Dataset section >>
---

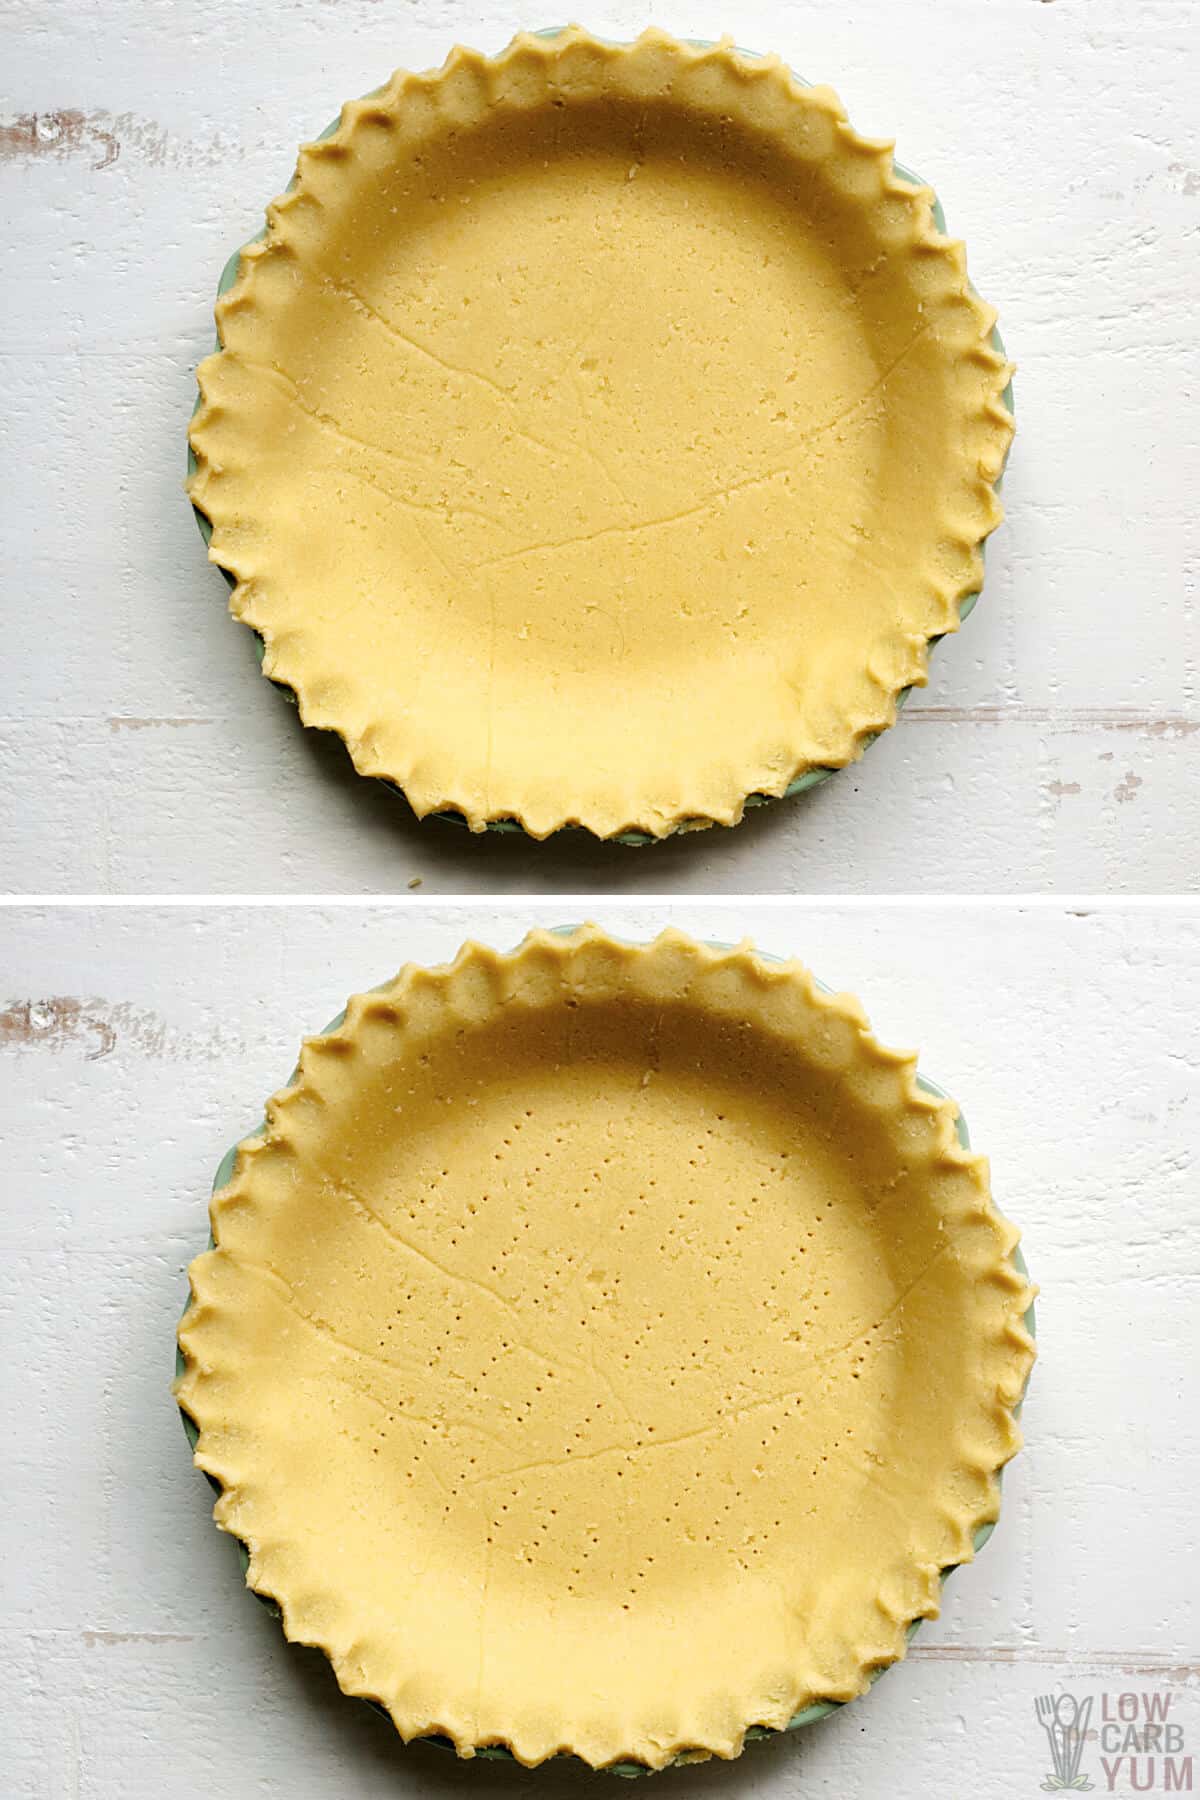 prepared crust in pie pan
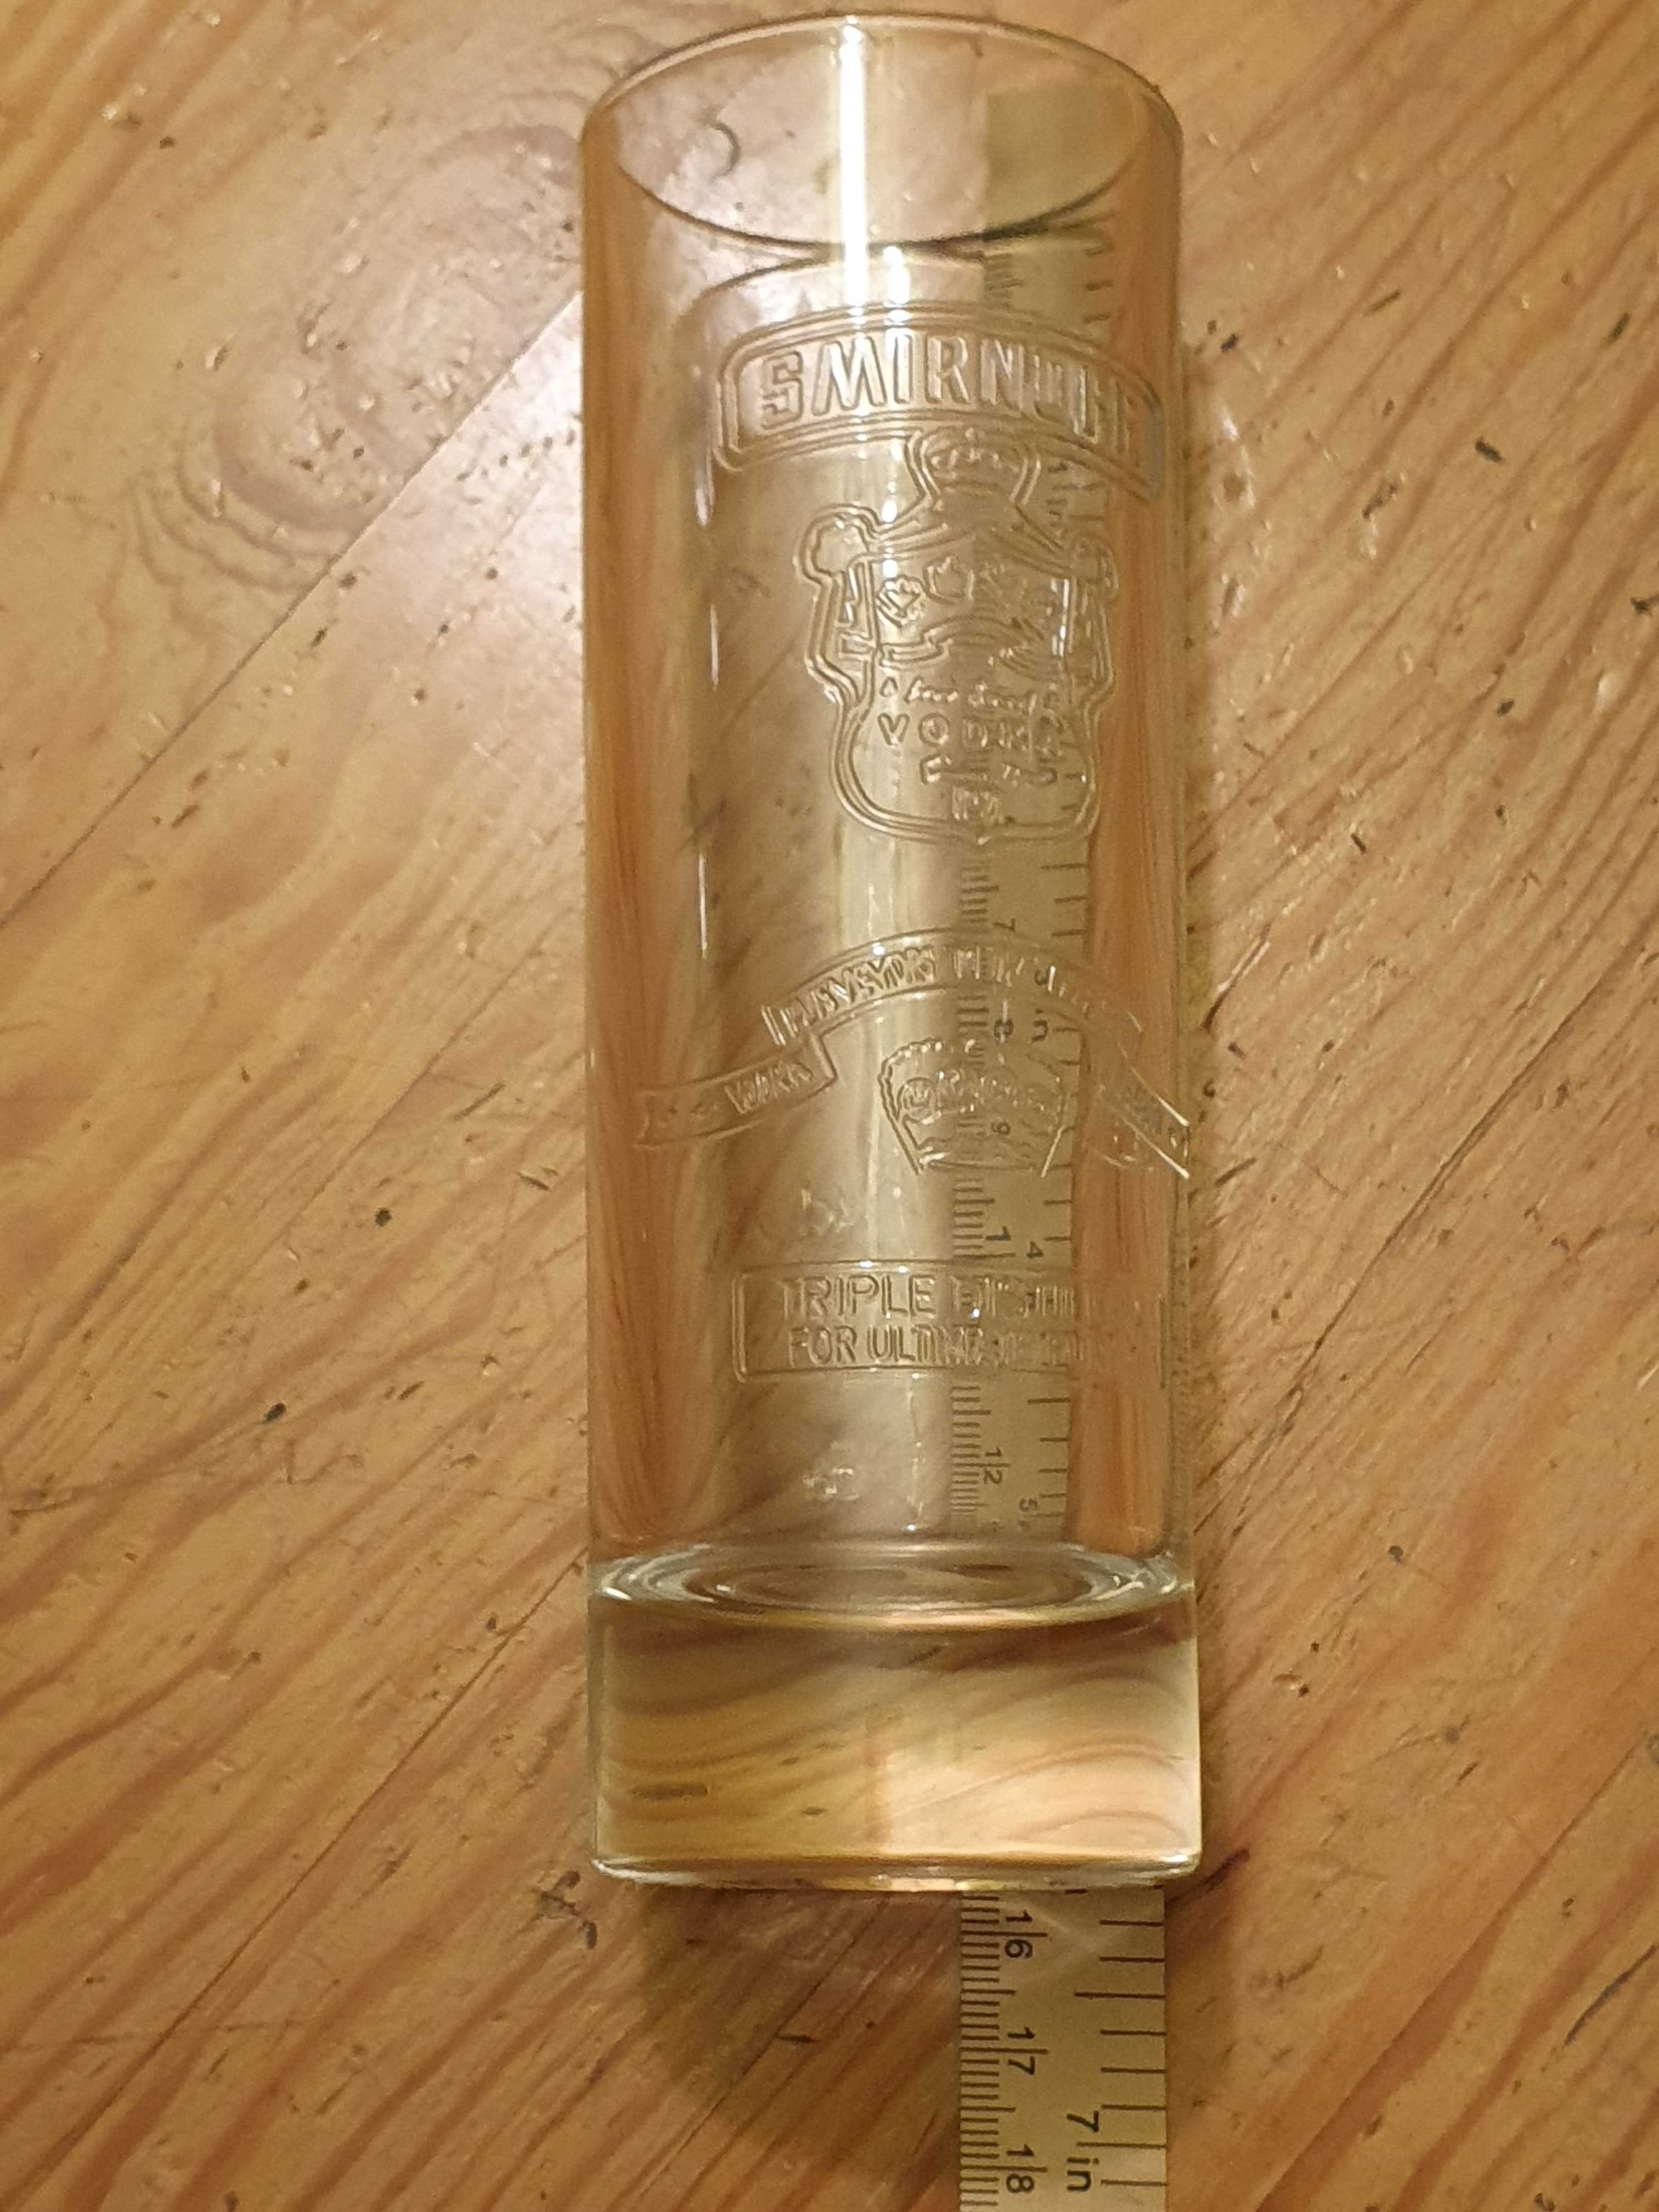 Wąska szklaneczka kolekcjonerska Smirnoff
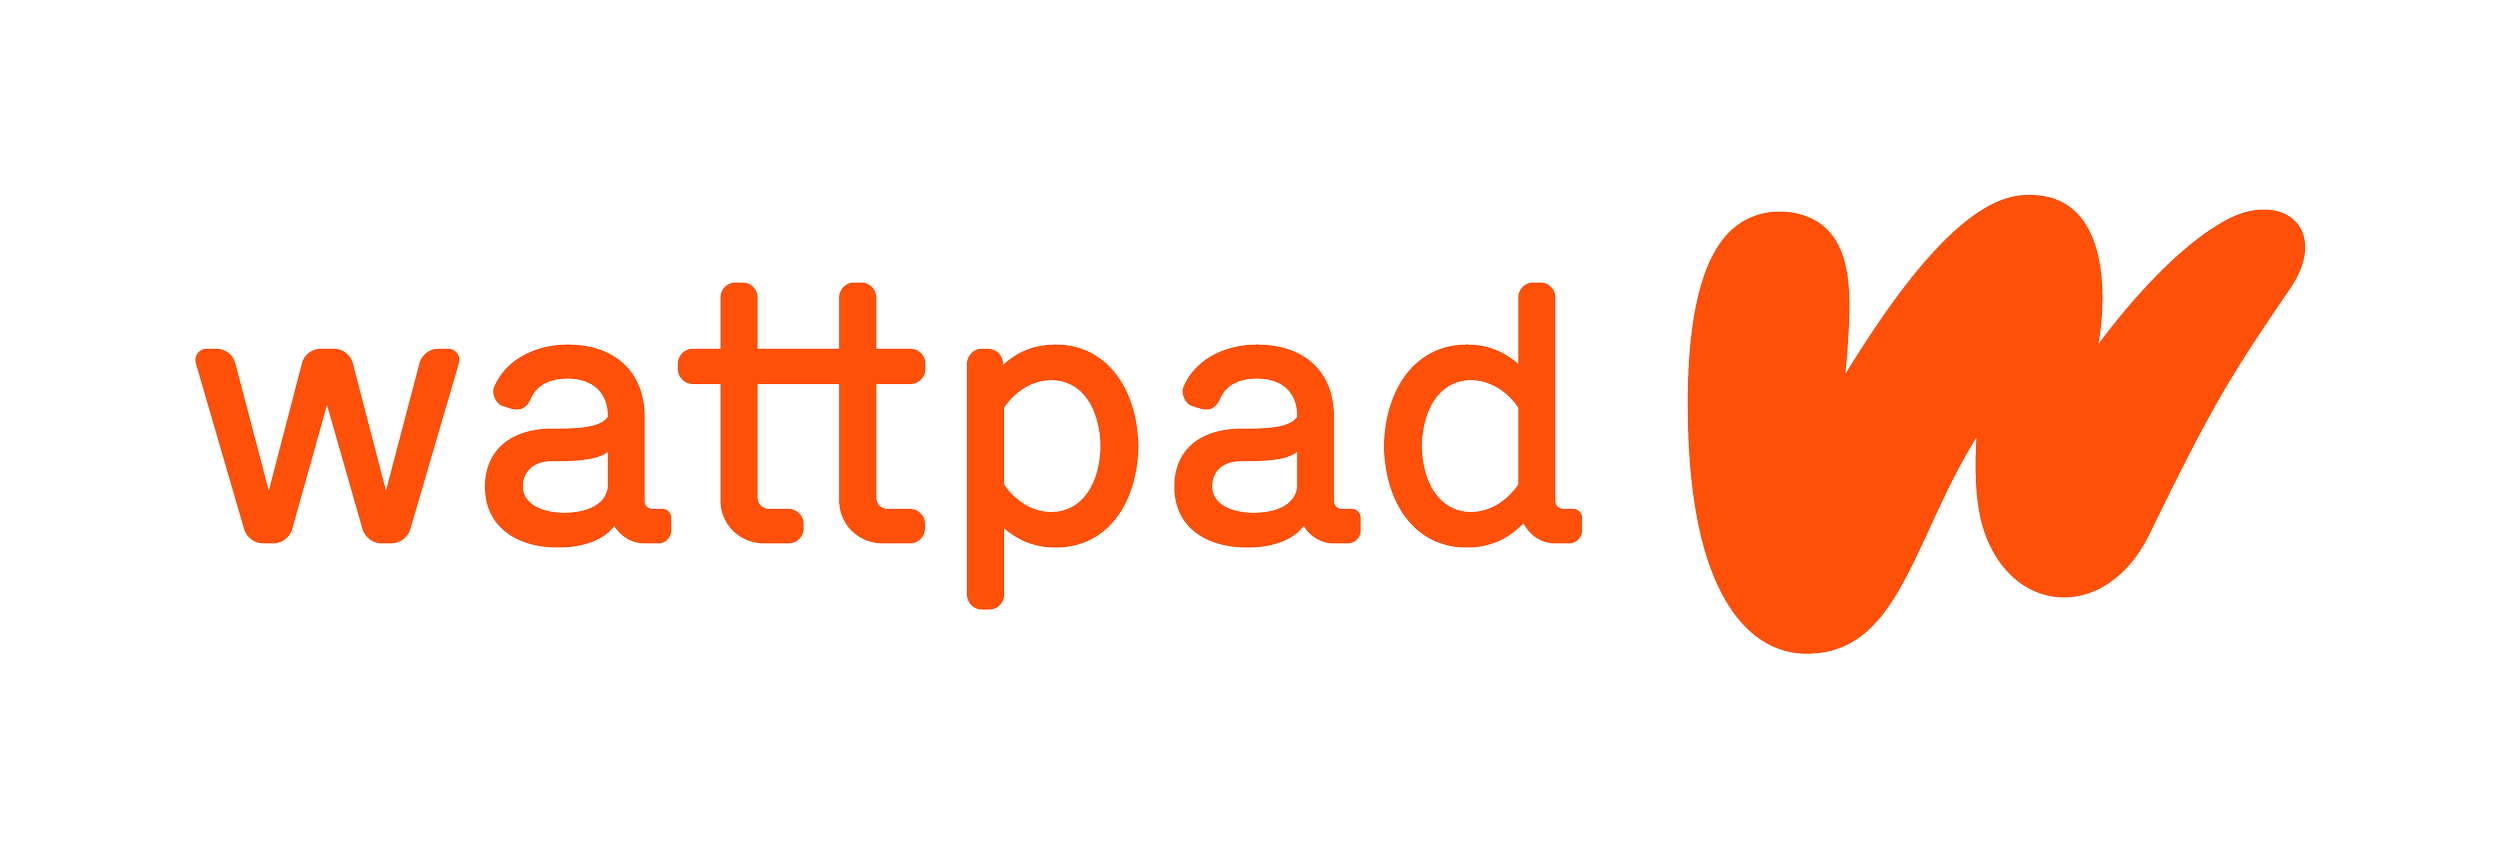 Wattpad_logo.png

---

Problem to solve >> Dropping every picture, restate the material word for word.

Exercise response >>
 prepared crust in pie pan
 Wąska szklaneczka kolekcjonerska Smirnoff
 Wattpad_logo.png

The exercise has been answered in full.